== Segment start ==
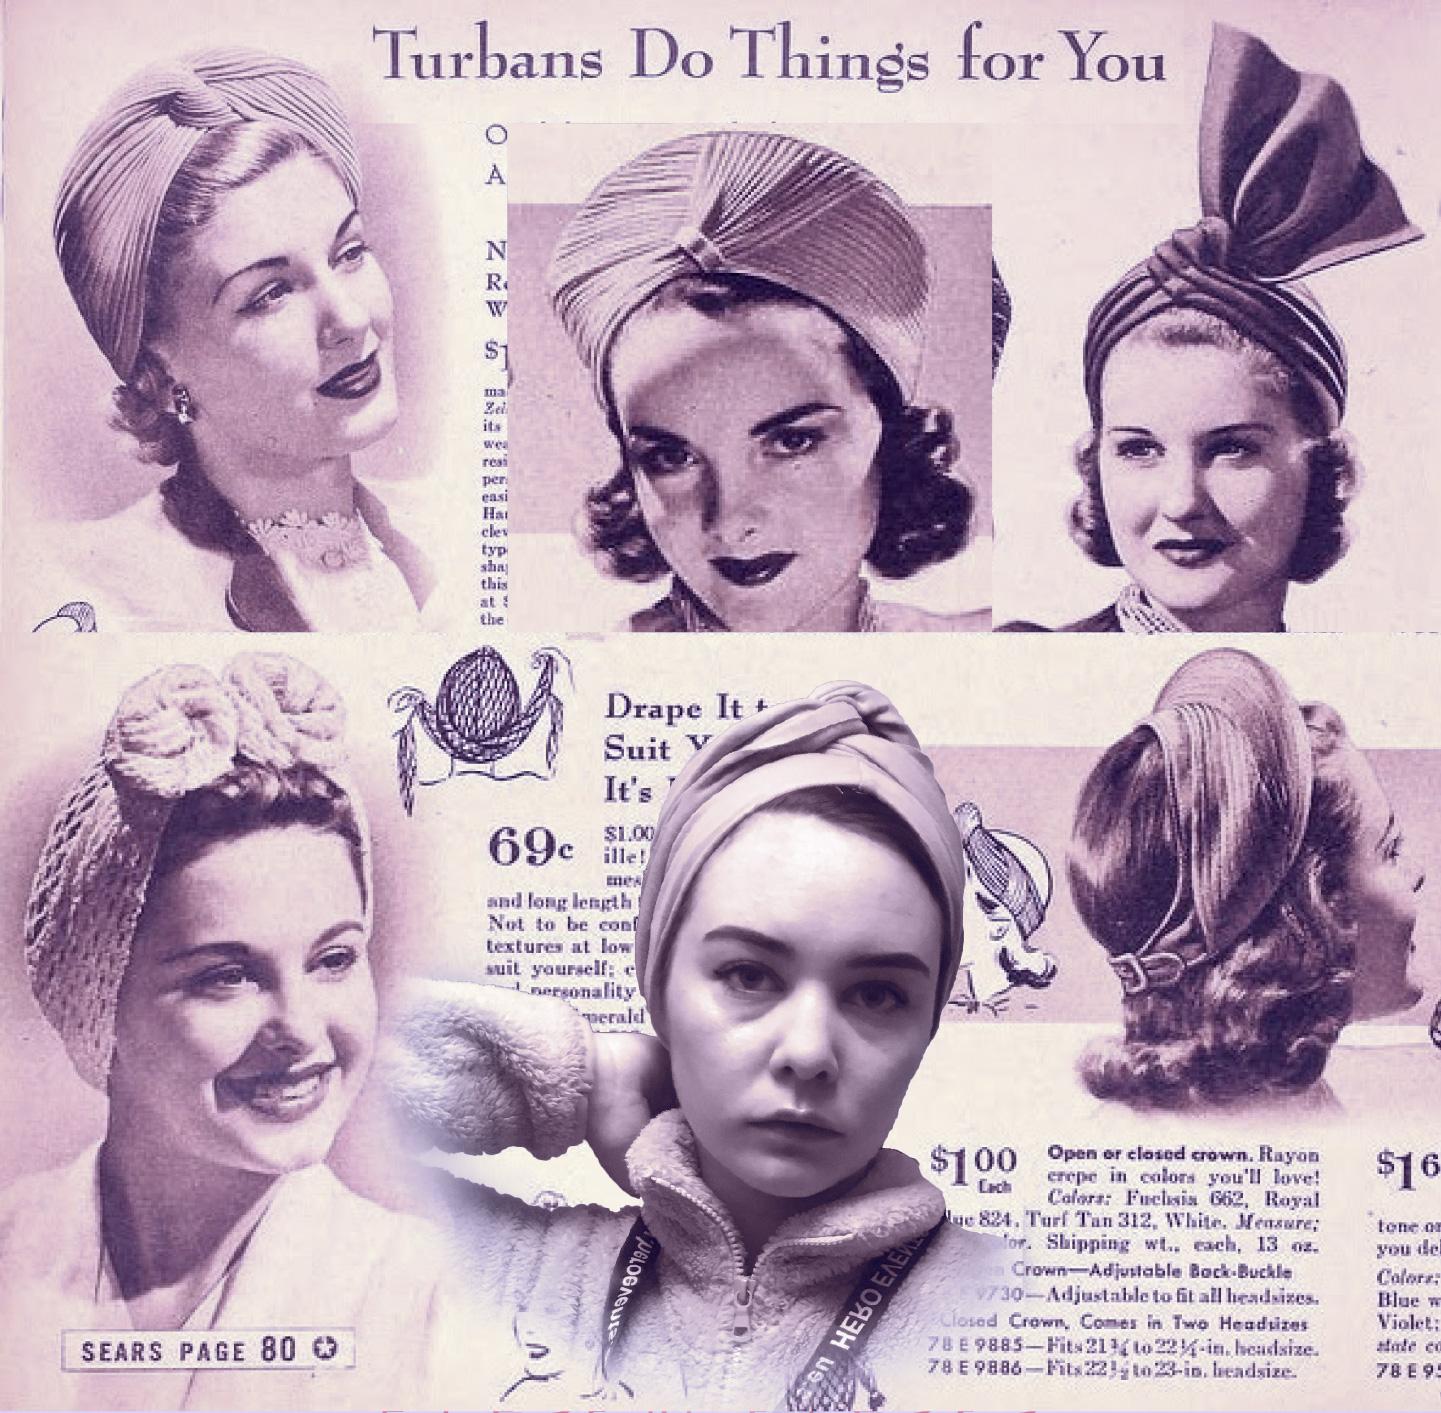 vintage turban-hat inspiration
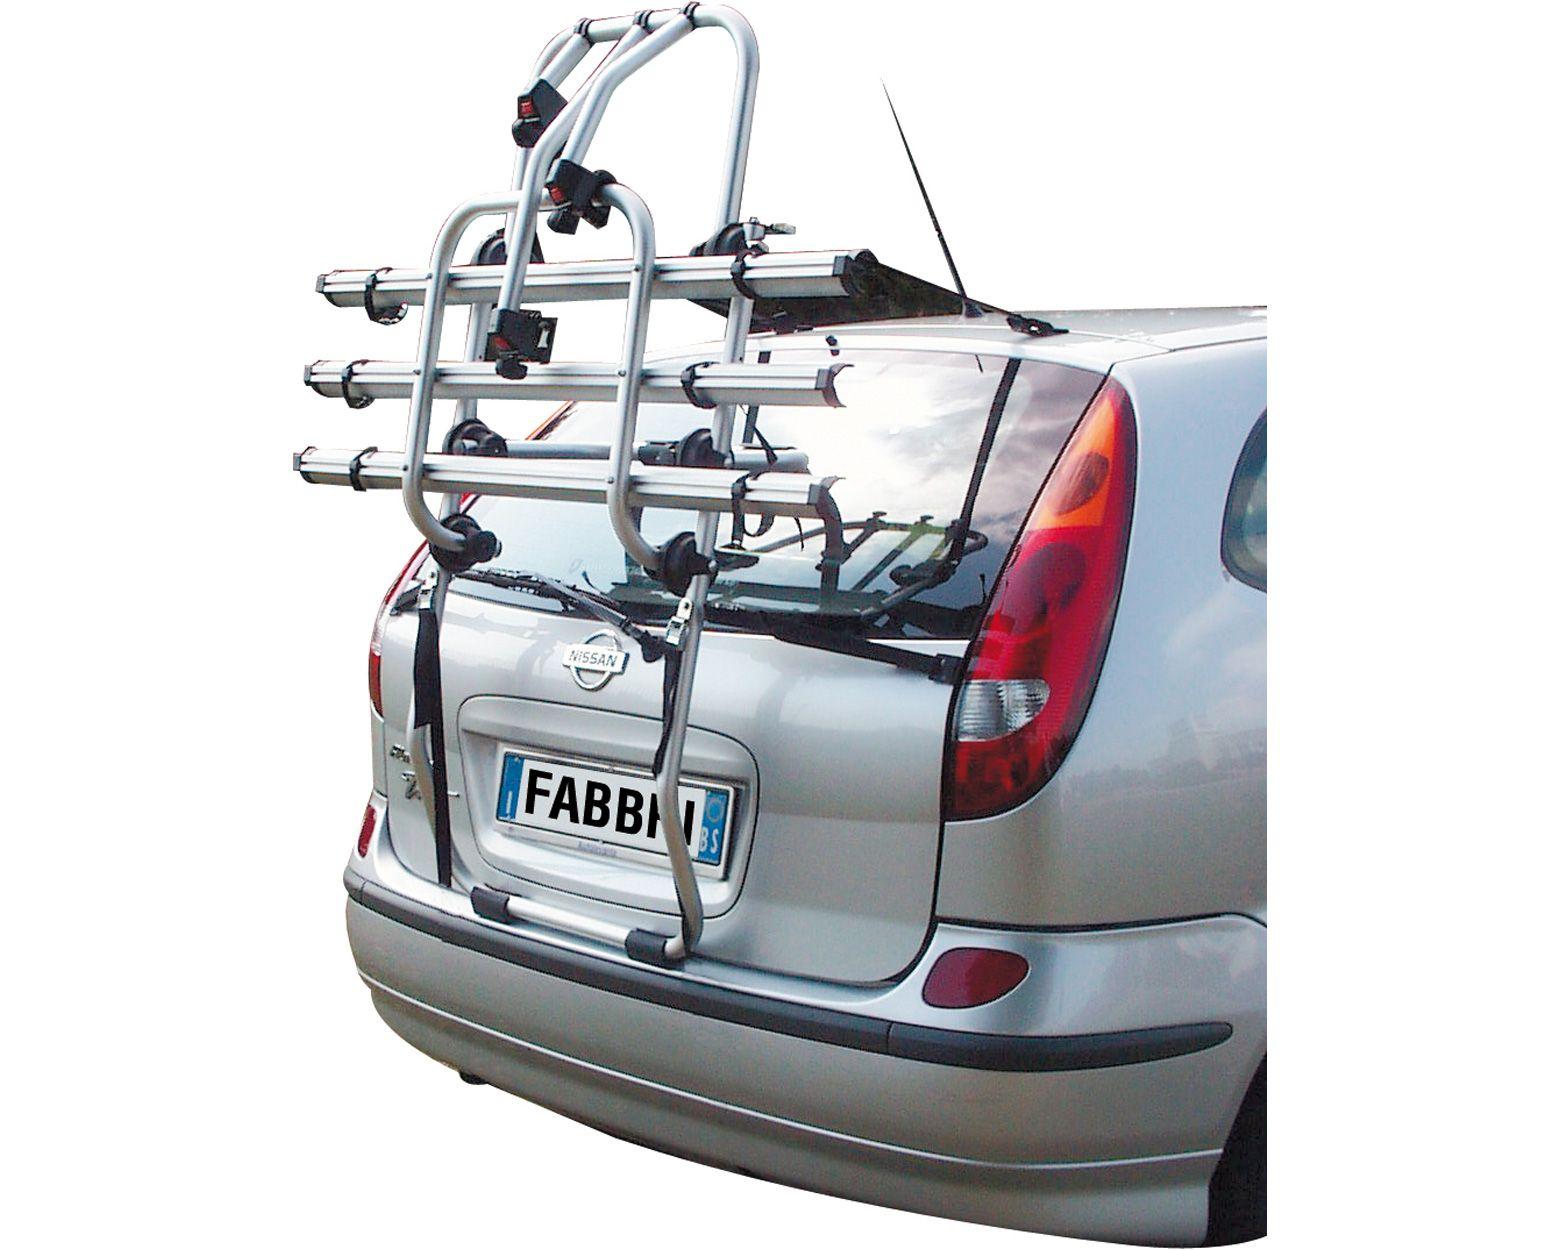 BICI OK 2 Van Rear bike rack to transport 2 bikes For
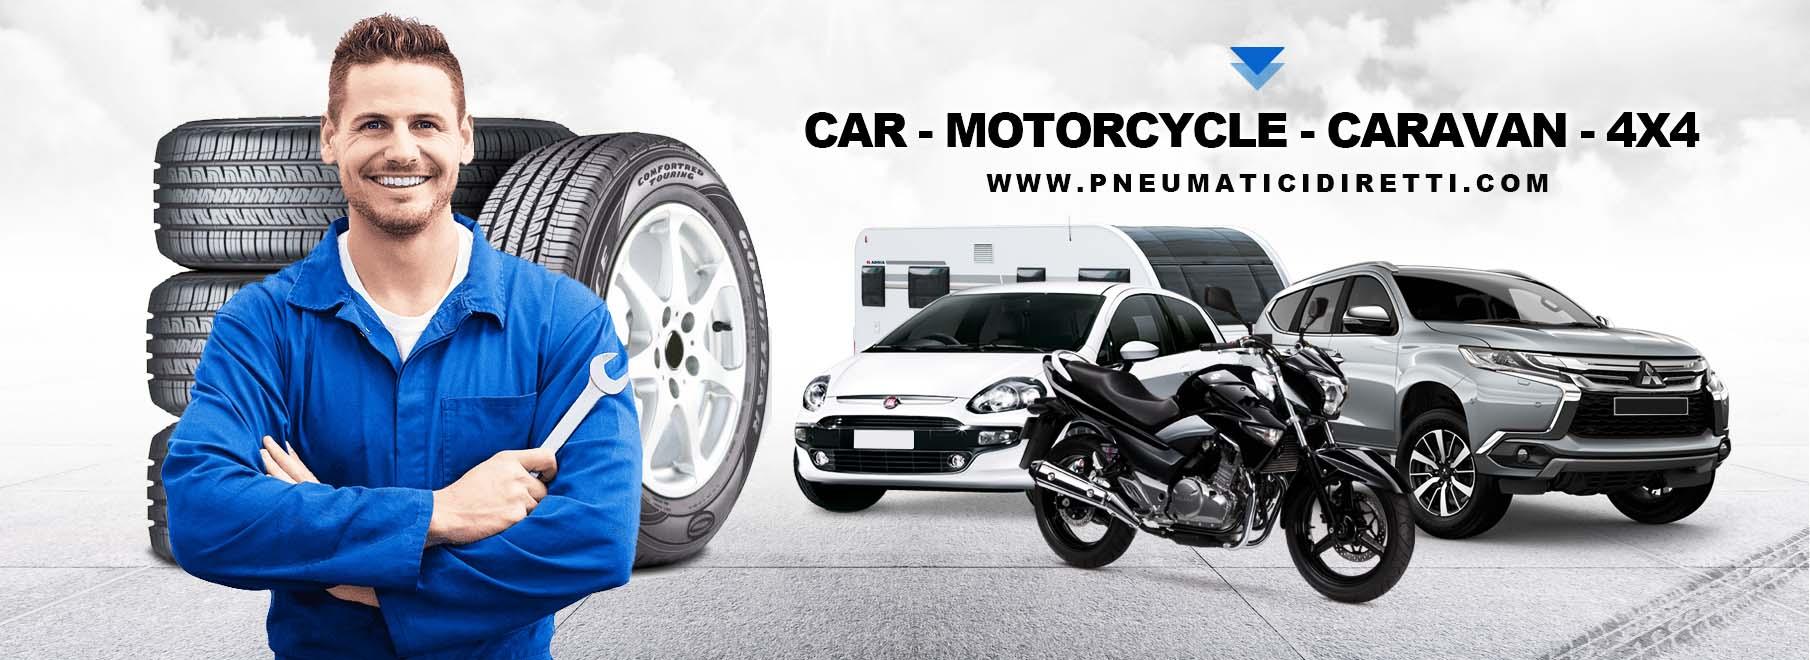 pneumaticidiretti.com -  tire sales online
== Segment end ==
Try it => Leave the images out as you retype each line of the material exactly.

Response to this task =>
 vintage turban-hat inspiration
 BICI OK 2 Van Rear bike rack to transport 2 bikes For
 pneumaticidiretti.com -  tire sales online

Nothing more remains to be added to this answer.